**Activity:** Keep the lines exact and the pictures out as you repeat the following listing.

*** Opening of Recorded information ***

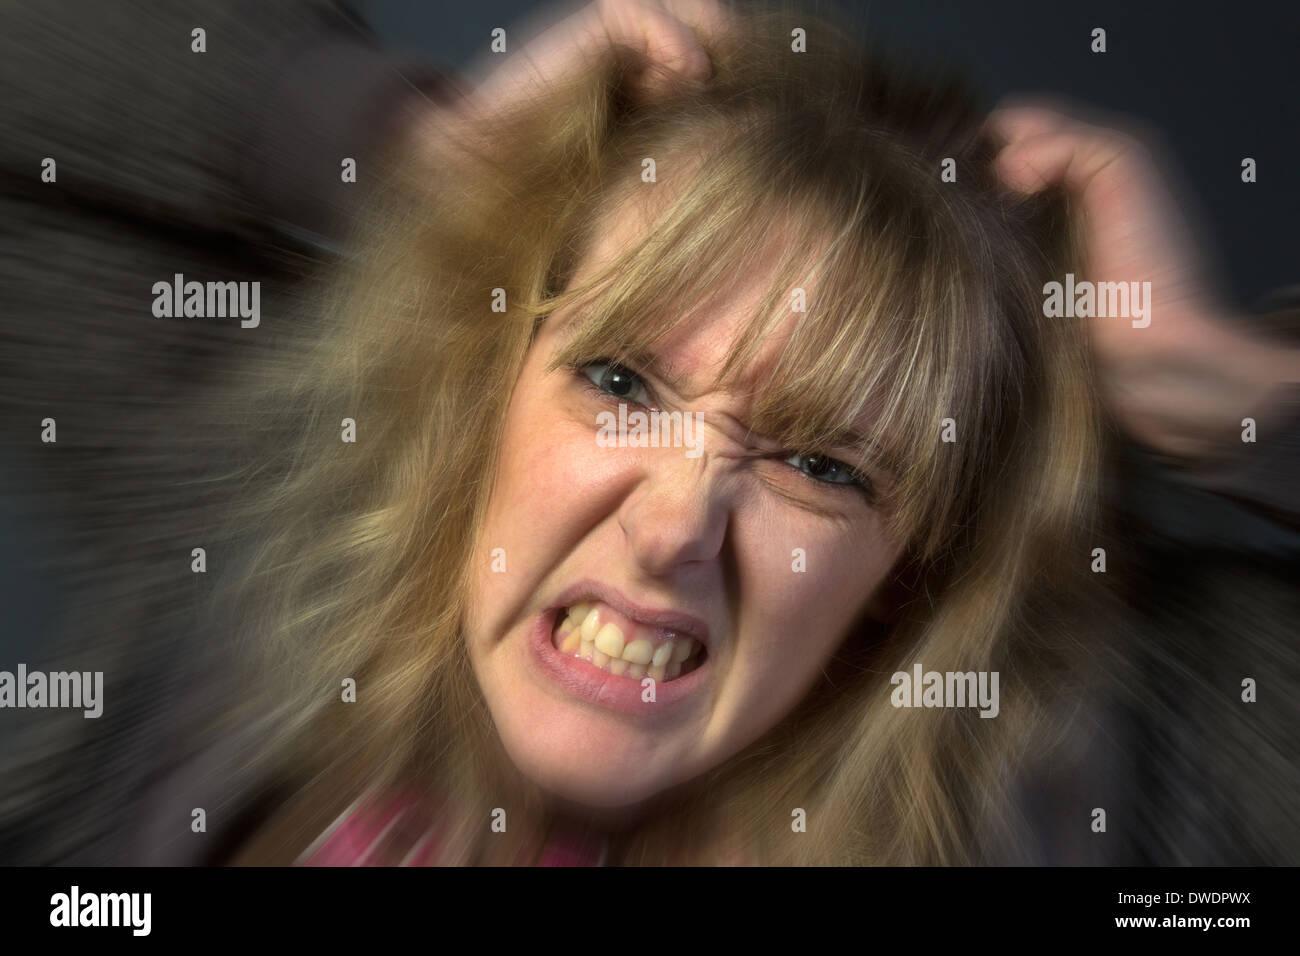 Un furioso joven rompiendo sus pelos. Foto de stock
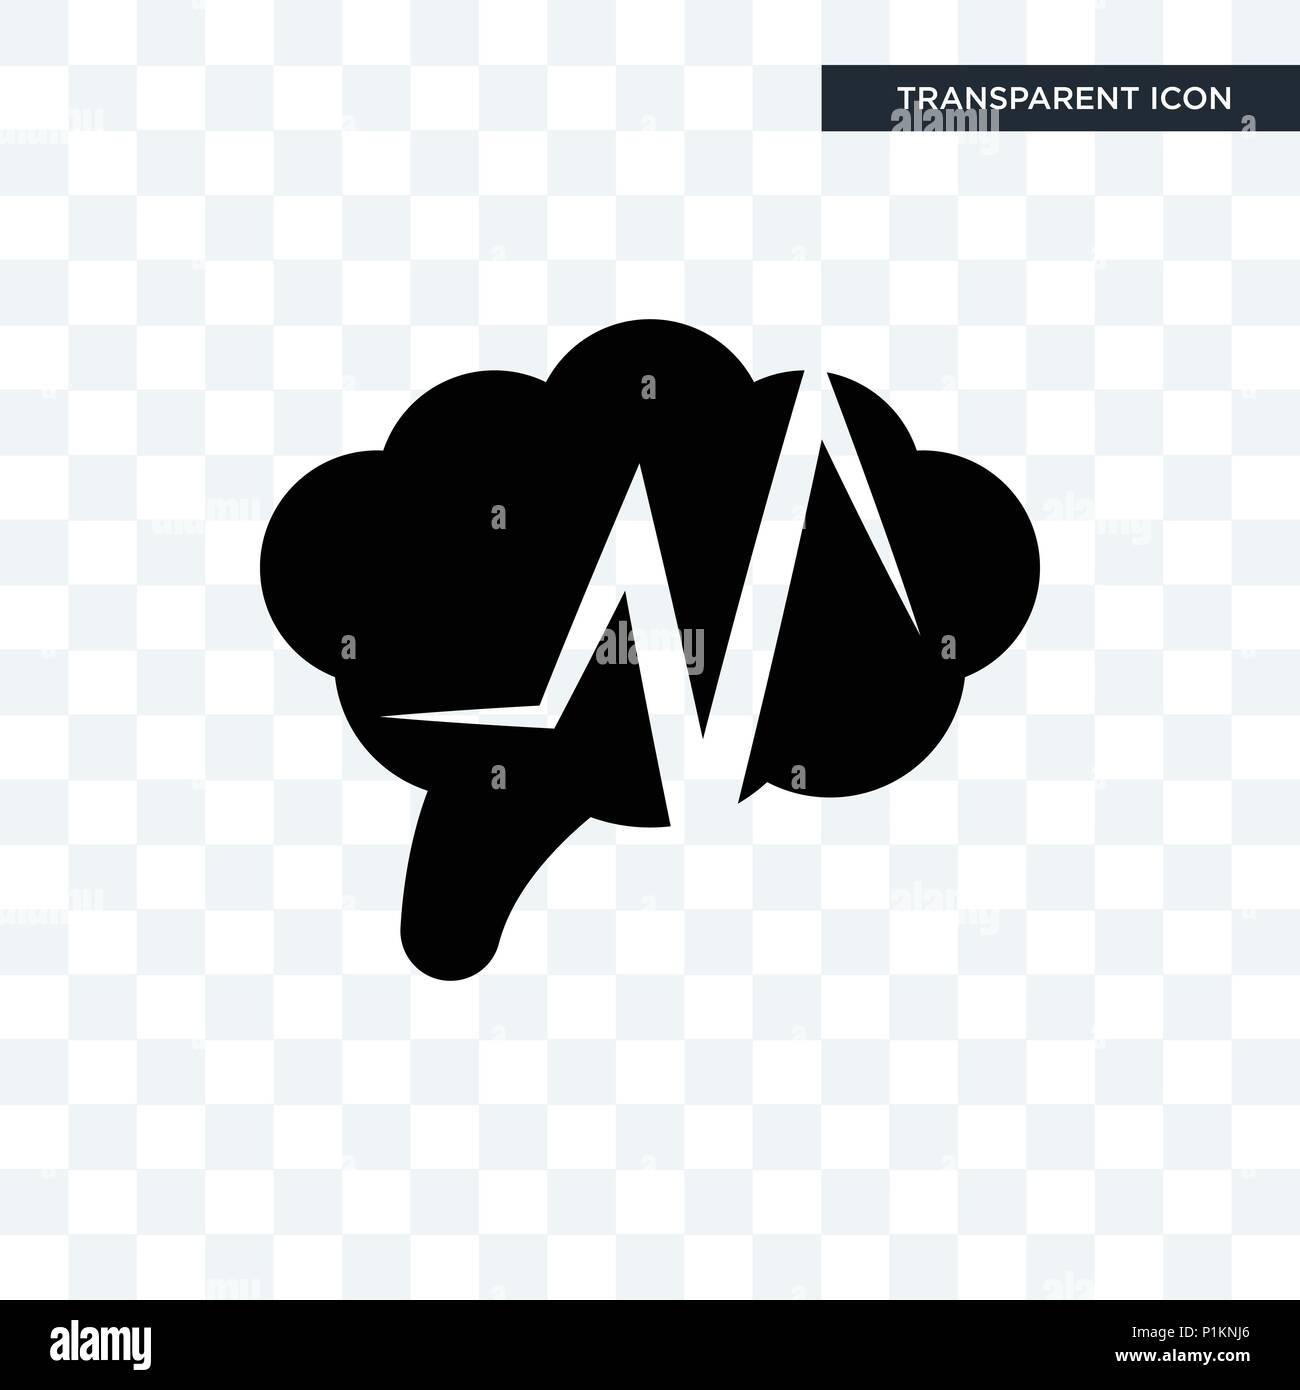 9665e3668e5 epilepsy vector icon isolated on transparent background, epilepsy logo  concept
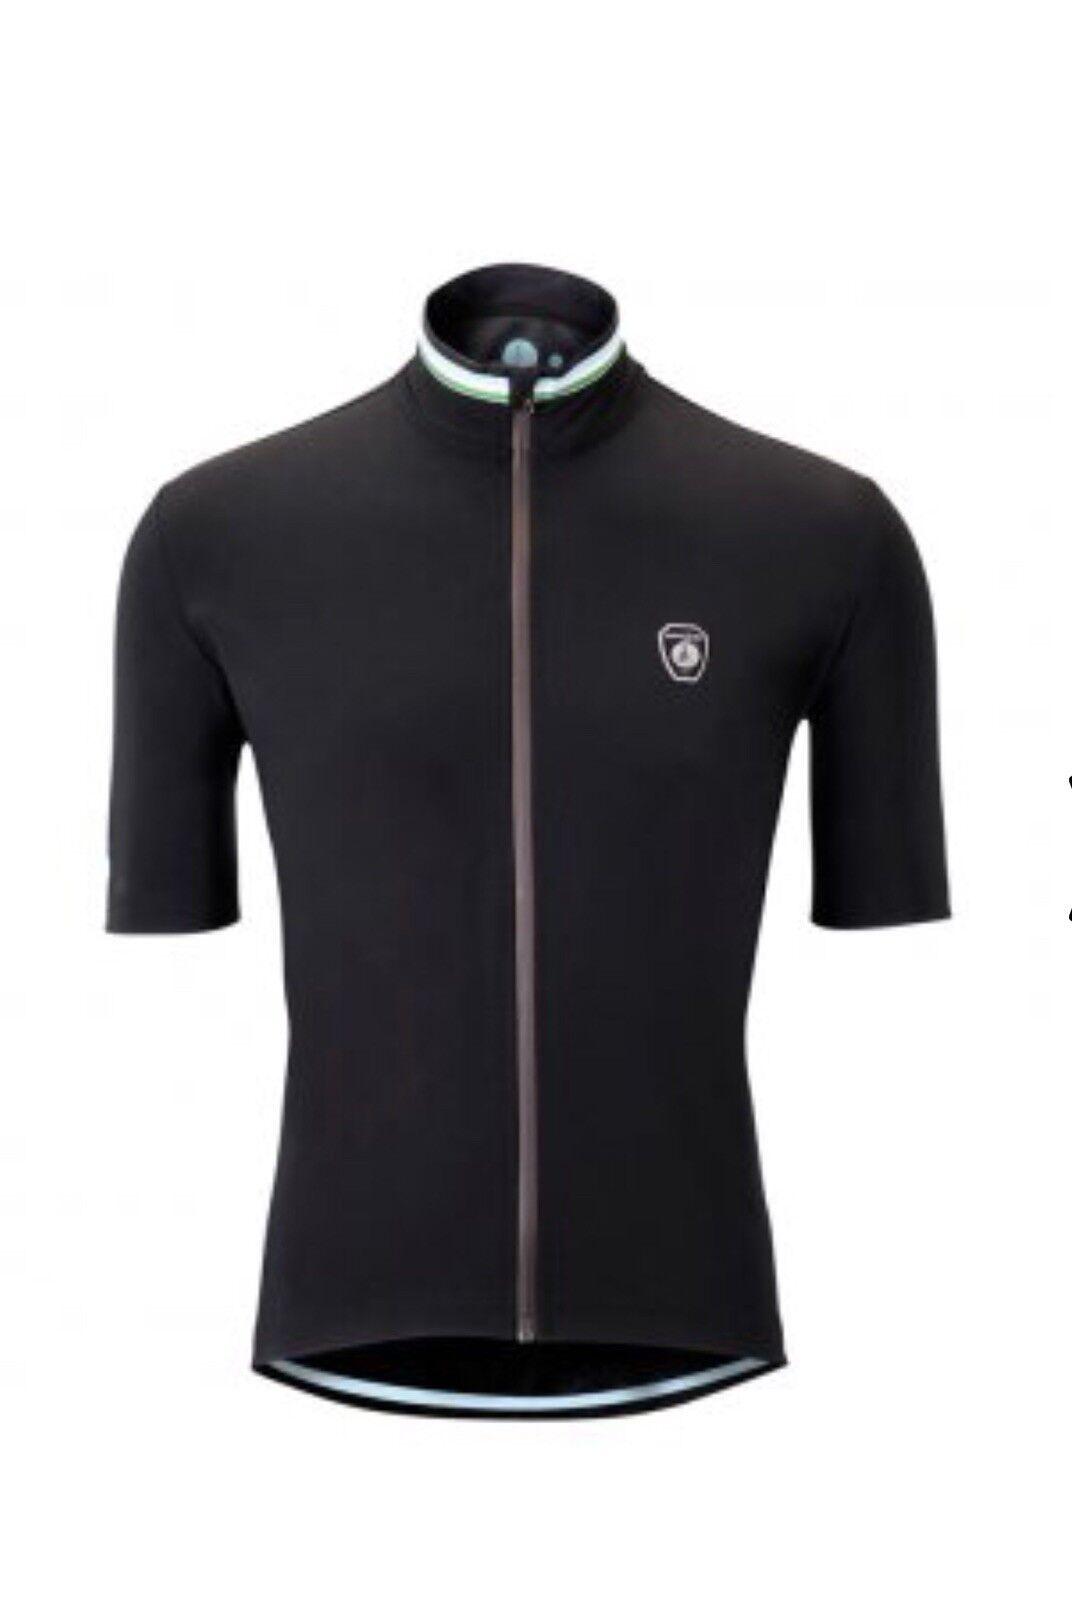 Cafe Du Cycliste Men's Waterproof Josette Jersey   Size XS  unique shape
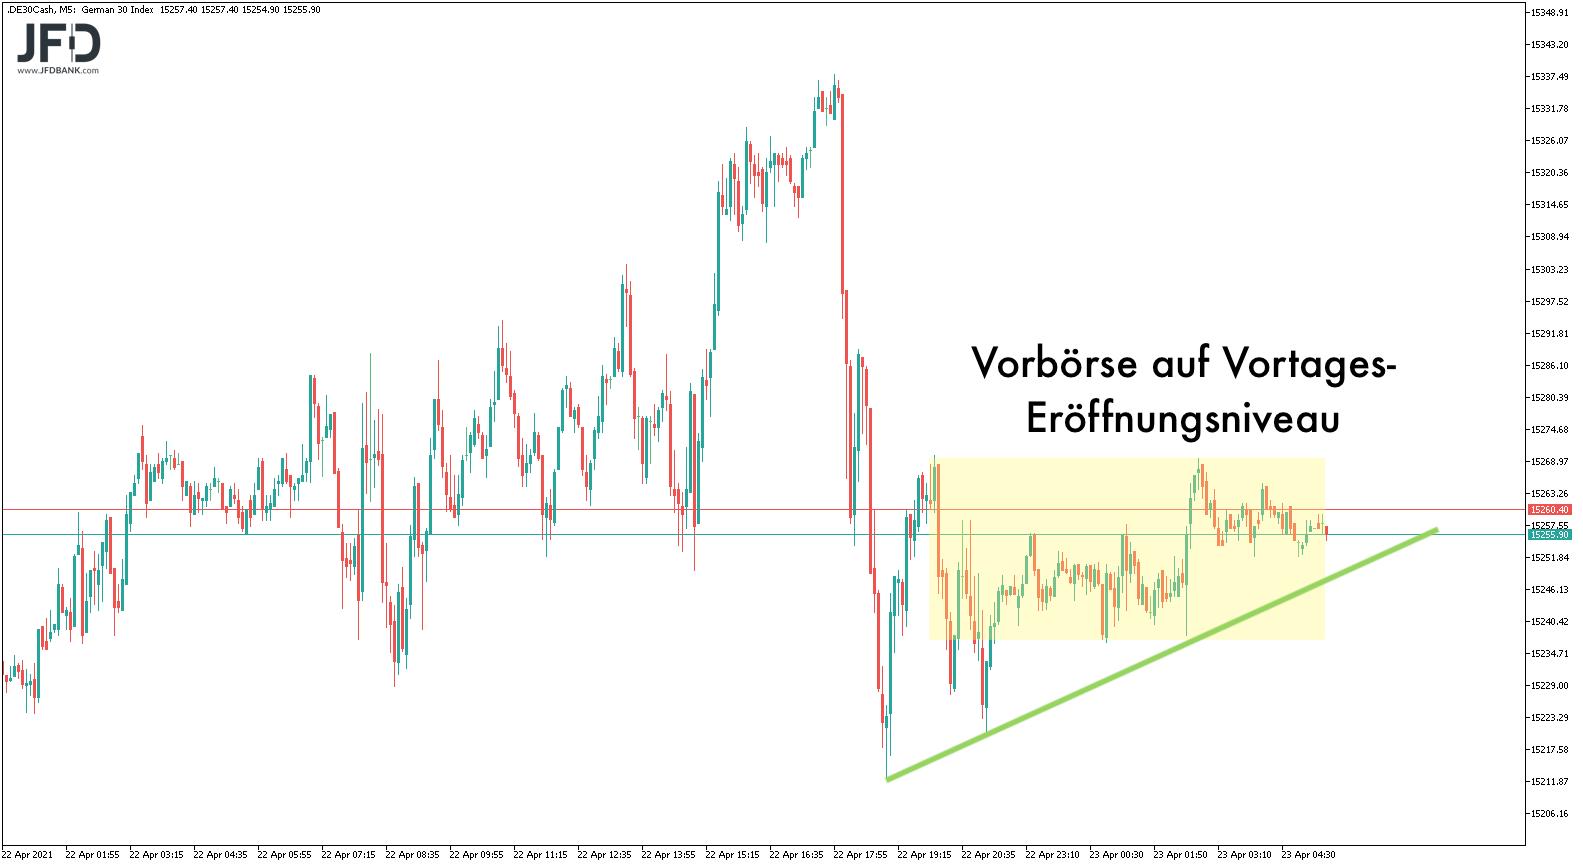 EZB-Impuls-versus-US-Steueranhebungen-Kommentar-JFD-Bank-GodmodeTrader.de-7

*** Close of Recorded information ***

**Solution for this problem:**
 Un furioso joven rompiendo sus pelos. Foto de stock
 9665e3668e5 epilepsy vector icon isolated on transparent background, epilepsy logo  concept
 Cafe Du Cycliste Men's Waterproof Josette Jersey   Size XS  unique shape
 EZB-Impuls-versus-US-Steueranhebungen-Kommentar-JFD-Bank-GodmodeTrader.de-7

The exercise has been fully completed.